1) You have a rough plan of what you want to do in life and you are not just going to uni for the sake of it.

2) You want to learn.

3) You are prepared to make sacrifices so that you can study.

In this country, an awful lot of people get herded off to uni, into a course that they are not necessarily enthusiastic about nor know the slightest thing about before they go. There is also an awful assumption that a degree is a golden ticket into the professional world, whatever the degree happens to be in, and once they posses this golden ticket they can immediatly get a job.

Schools need to stop pushing kids into going to university, when its really not going to do them any good at the end of the day. Some people are suited to further education, some people are not, but students need to be self-motivated for learning, not so they can get a big pay cheque in 10 years' time.

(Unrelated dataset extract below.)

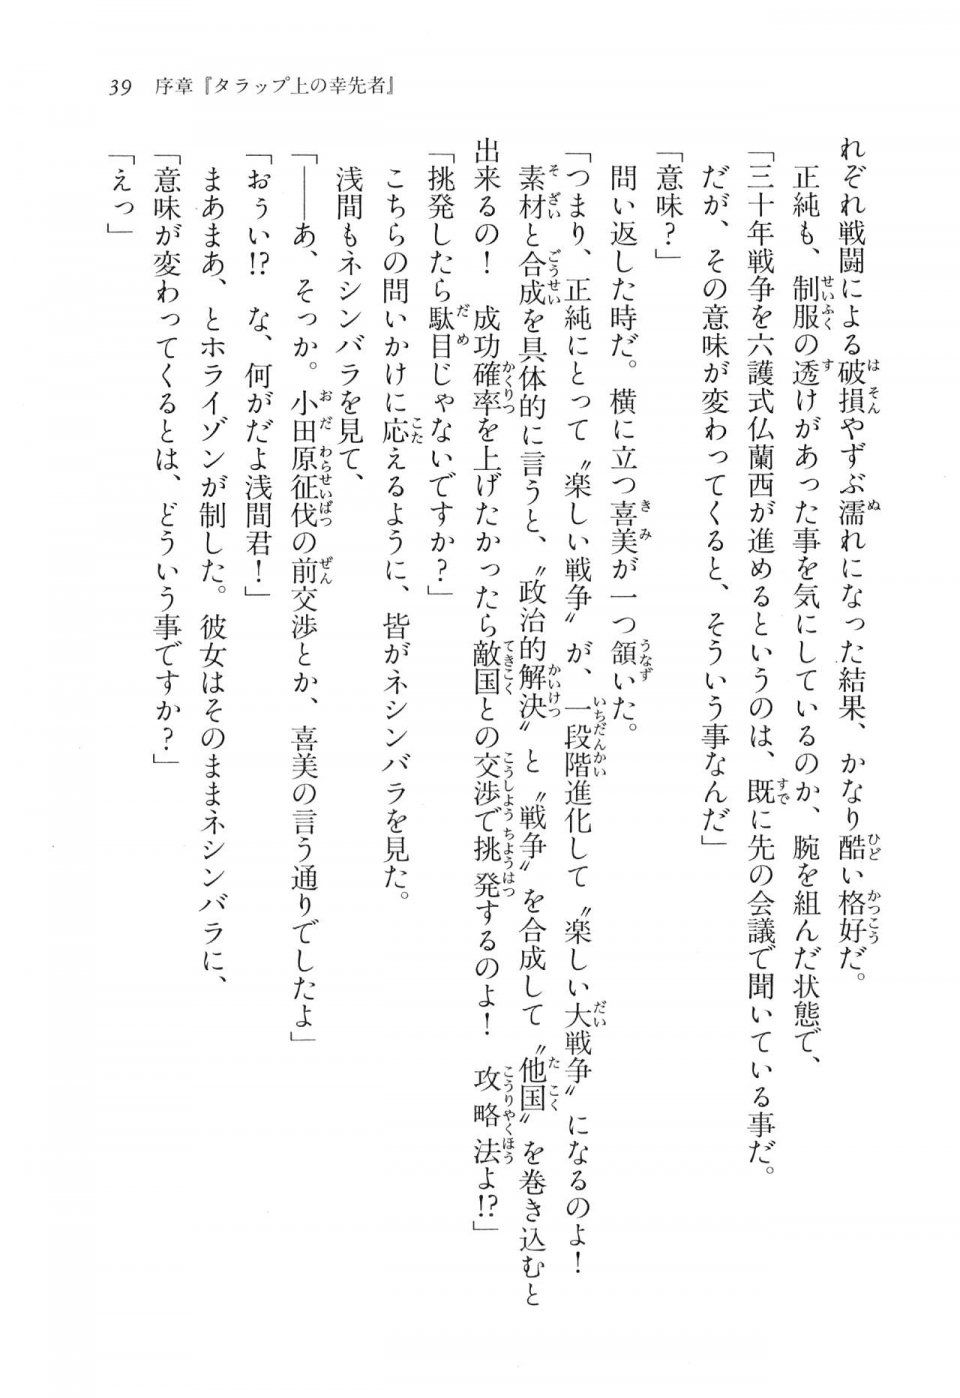 Kyoukai Senjou no Horizon LN Vol 16(7A) - Photo #39

Personally I prefer the French model. None of this pfaffing around with UCAS, selling yourself to universities, trying to fit a particular mould. Everyone who meets the grades gets offered a first-year entry, and then the exams at the end of first-year detirmines who will carry on. Those who are motivated study and pass. Those who are not, drop out. I'm fed up with British universities and their awful selection process and degrees which, at the end of the day, will just make me an 'average' candidate for a job I want to do; so I've decided to study in Paris, where I will get no financial help (compared to top-rate bursaries if I studied in Scotland), but its academically the better option.

I admire anyone who is motivated and works hard, whether they are at university or have taken the first step on the career ladder at 17/18. Do what you want to do and what's right for you; but don't just go to uni as a way of 'buying time', good things don't come to those who sit around and wait for them...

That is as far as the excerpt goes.